Я отчетливо помню, как я с ним вместе отправился на исполнение одной из тех мелких формальностей, одного из тех мучительно мутных дел, которыми смерть (в которой есть всегда нечто от чиновничьей волокиты) старается подольше опутать оставшихся в живых. Кто-то должно быть сказал мне: “Вот он с тобой пойдет”; он и пошел, сдержанно прочищая горло.
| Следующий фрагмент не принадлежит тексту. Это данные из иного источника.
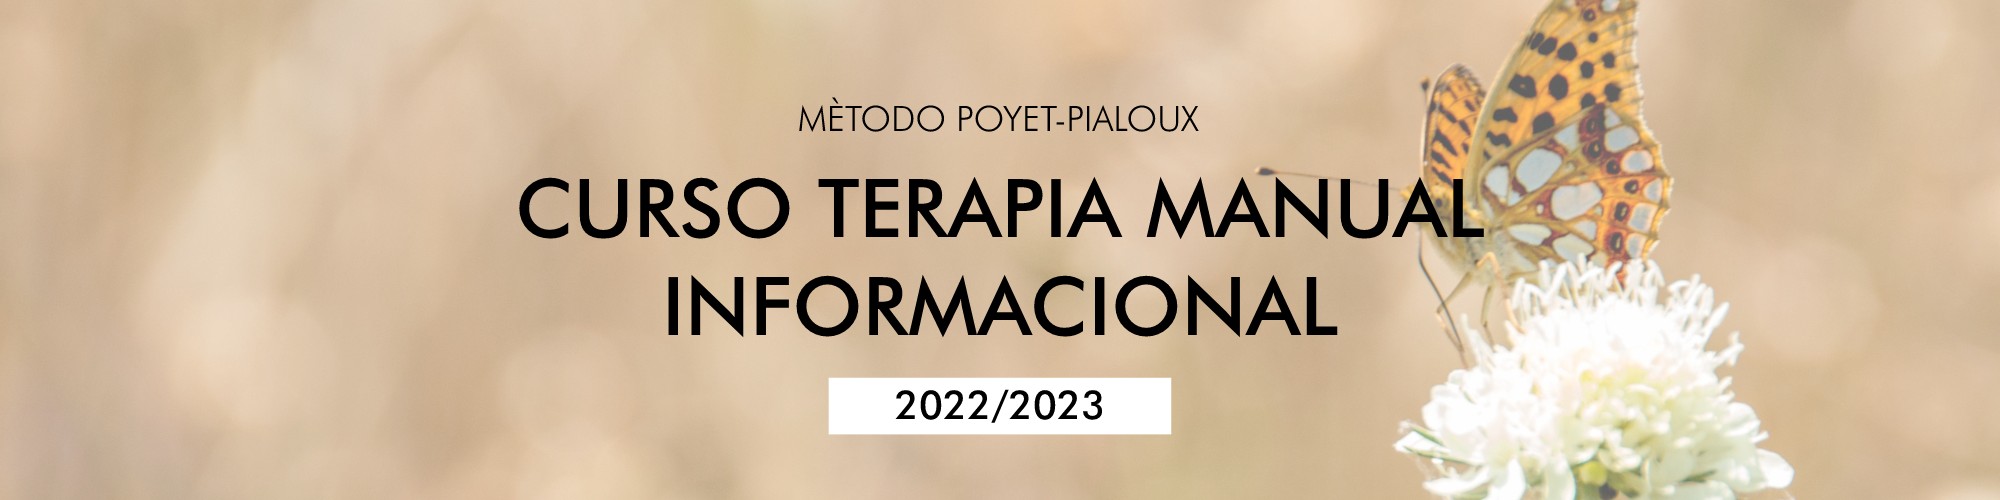 CURSO TERAPIA MANUAL INFORMACIONAL 2022 2023 Y 2023 2024 (2)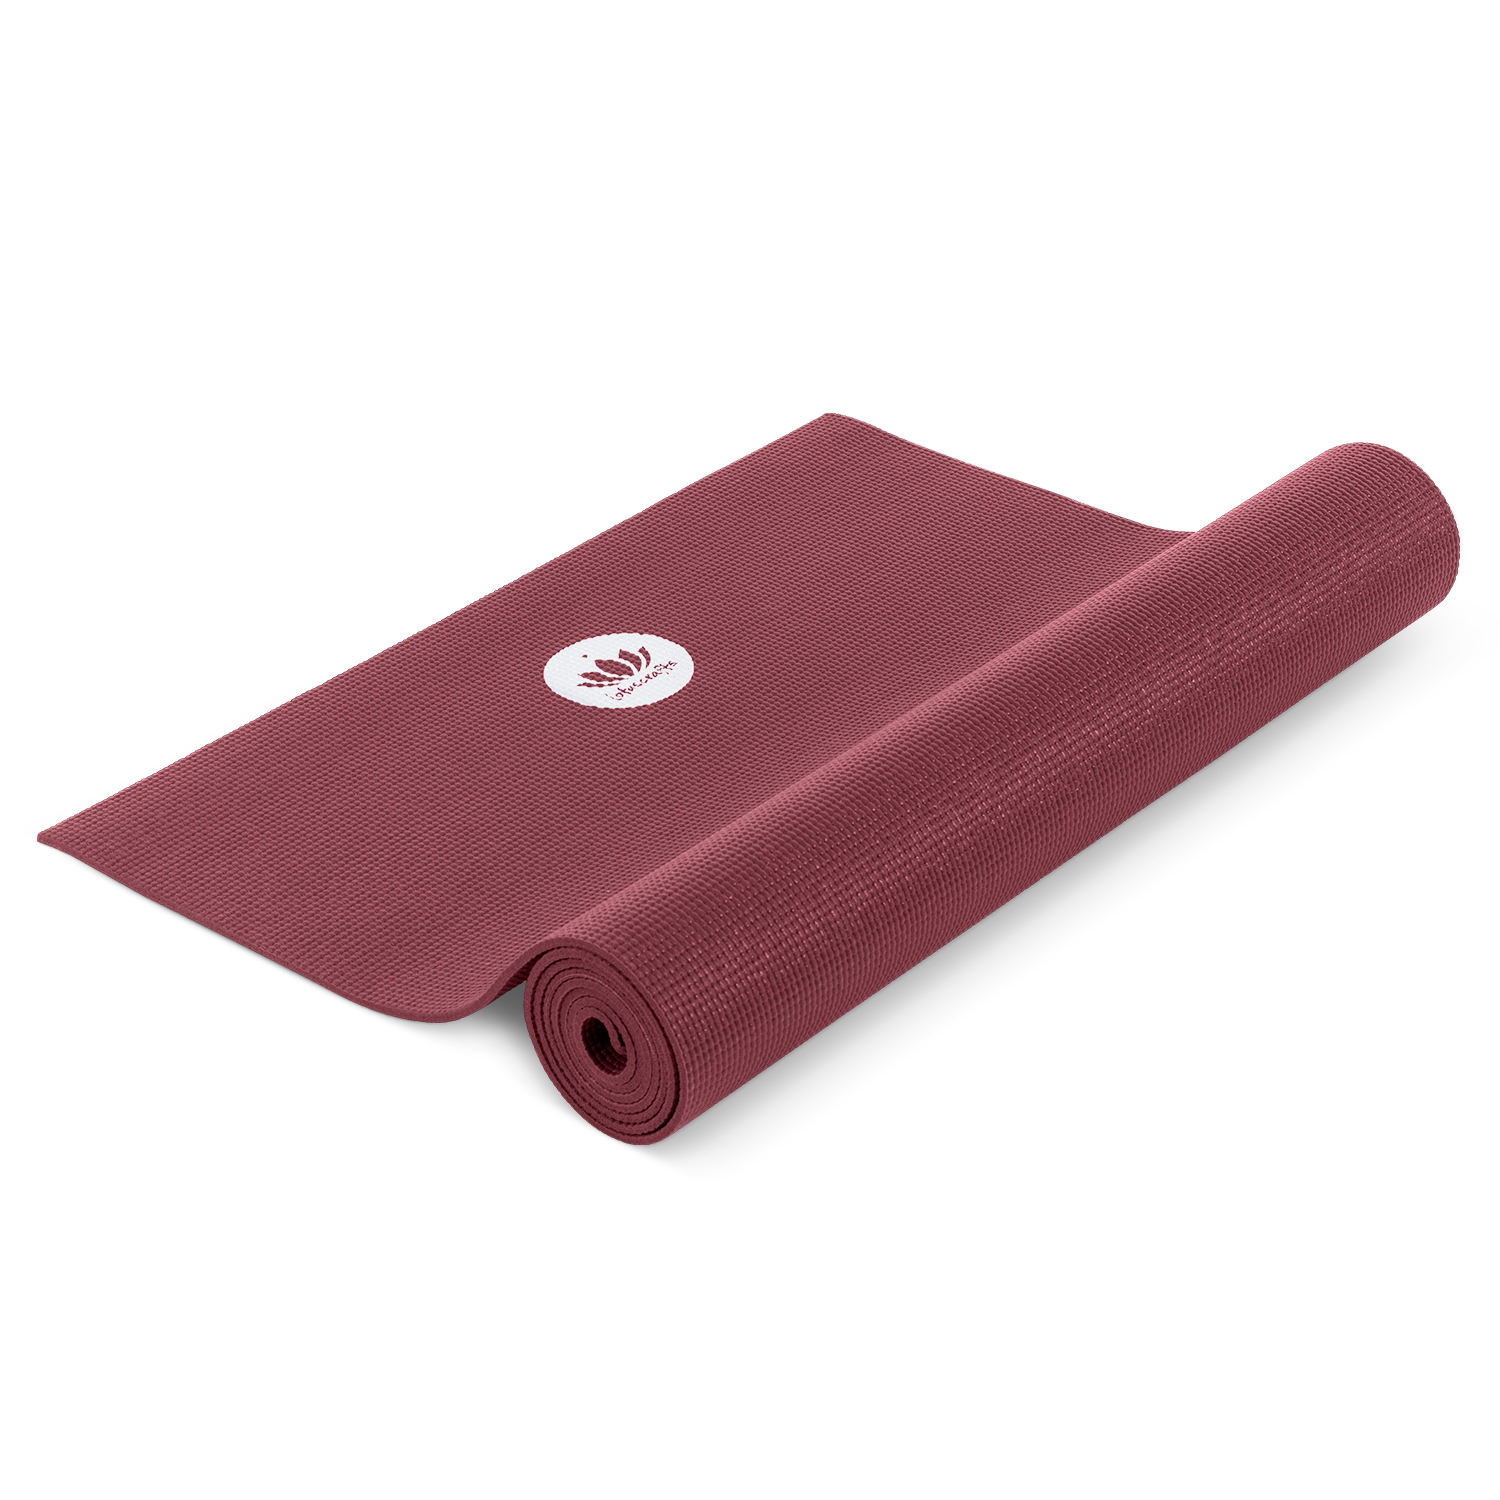 Yogaudstyr Startpakke stor med XL yogamåtte - Bordeaux

И вот тогда-то (мы шли пушистой от пыли незастроенной улицей, мимо заборов и наваленных досок) я сделал кое-что, воспоминание о чем во мне проходит от темени до пят электрической судорогой нестерпимого стыда: побуждаемый Бог весть каким чувством, — не столько может быть благодарностью за сострадание, сколько состраданием же к состраданию чужому, я в порыве нервности и неуместного пробуждения души, на ходу взял и сжал его руку, — и мы оба одновременно слегка оступились; все это длилось мгновение, — но, если б я тогда обнял его и припал губами к его страшной золотистой щетине, я бы не мог ныне испытывать большей муки. И вот, через двадцать пять лет я думаю: мы ведь шли вдвоем пустынными местами, и у меня был в кармане Гришин револьвер, который не помню по каким соображениям я все собирался спрятать; ведь я мог его уложить выстрелом в упор, и тогда не было бы ничего, ничего из того, что есть сейчас, ни праздников под проливным дождем, исполинских торжеств, на которых миллионы моих сограждан проходят в пешем строю, с лопатами, мотыгами и граблями на рабьих плечах, ни громковещателей, оглушительно размножающих один и тот же вездесущий голос, ни тайного траура в каждой второй семье, ни гаммы пыток, ни отупения, ни пятисаженных портретов, ничего… О, если б можно было когтями вцепиться в прошлое, за волосы втащить обратно в настоящее утраченный случай, снова воскресить ту пыльную улицу, пустыри, тяжесть в заднем кармане штанов, человека, шедшего со мной рядом!
9
Я вял и толст, как шекспировский Гамлет. Что я могу? От меня, скромного учителя рисования в провинциальной гимназии, до него, сидящего за множеством чугунных и дубовых дверей в неизвестной камере главной столичной тюрьмы, превращенной для него в замок (ибо этот тиран называет себя “пленником воли народа, избравшего его”), — расстояние почти невообразимое. Некто мне рассказывал, запершись со мной в погреб, про свою дальнюю родственницу старуху-вдову, которая вырастила двухпудовую репу и посему удостоилась высочайшего приема. Ее долго вели мраморными коридорами, без конца перед ней отпирая и за ней запирая опять очередь дверей, пока она не очутилась в белой, беспощадно-освещенной зале, вся обстановка которой состояла из двух золоченых стульев. Там ей было сказано ждать. Через некоторое время за дверью послышалось множество шагов и, с почтительными поклонами, пропуская друг друга, вошло человек пять его телохранителей. Испуганными глазами она искала его среди них; они же смотрели не на нее, а поверх ее головы, и обернувшись, она увидела, что сзади, через другую дверь, ею не замеченную, бесшумно вошел сам и, остановившись, положив руку на спинку стула, привычно поощрительно разглядывал государственную гостью. Затем он сел и предложил ей своими словами рассказать о ее подвиге (тут же был принесен служителем и положен на второй стул глиняный слепок с ее овоща), и она в продолжение десяти незабвенных минут рассказывала, как репу посадила, как тащила ее из земли и все не могла вытащить, хотя ей казалось, что призрак ее покойного мужа тащит вместе с ней, и как пришлось позвать сына, а потом внука да еще двух пожарных, отдыхавших на сеновале, и как, наконец, цугом пятясь, чудовище вытащили. Он был, видимо, поражен ее образным рассказом: “Вот это поэзия, — резко обратился он к своим приближенным, — вот бы у кого господам поэтам учиться”, — и сердито велев слепок отлить из бронзы, вышел вон. Но я реп не рощу, так что проникнуть к нему мне невозможно, да и если бы проник, как бы я донес заветное оружие до его логова?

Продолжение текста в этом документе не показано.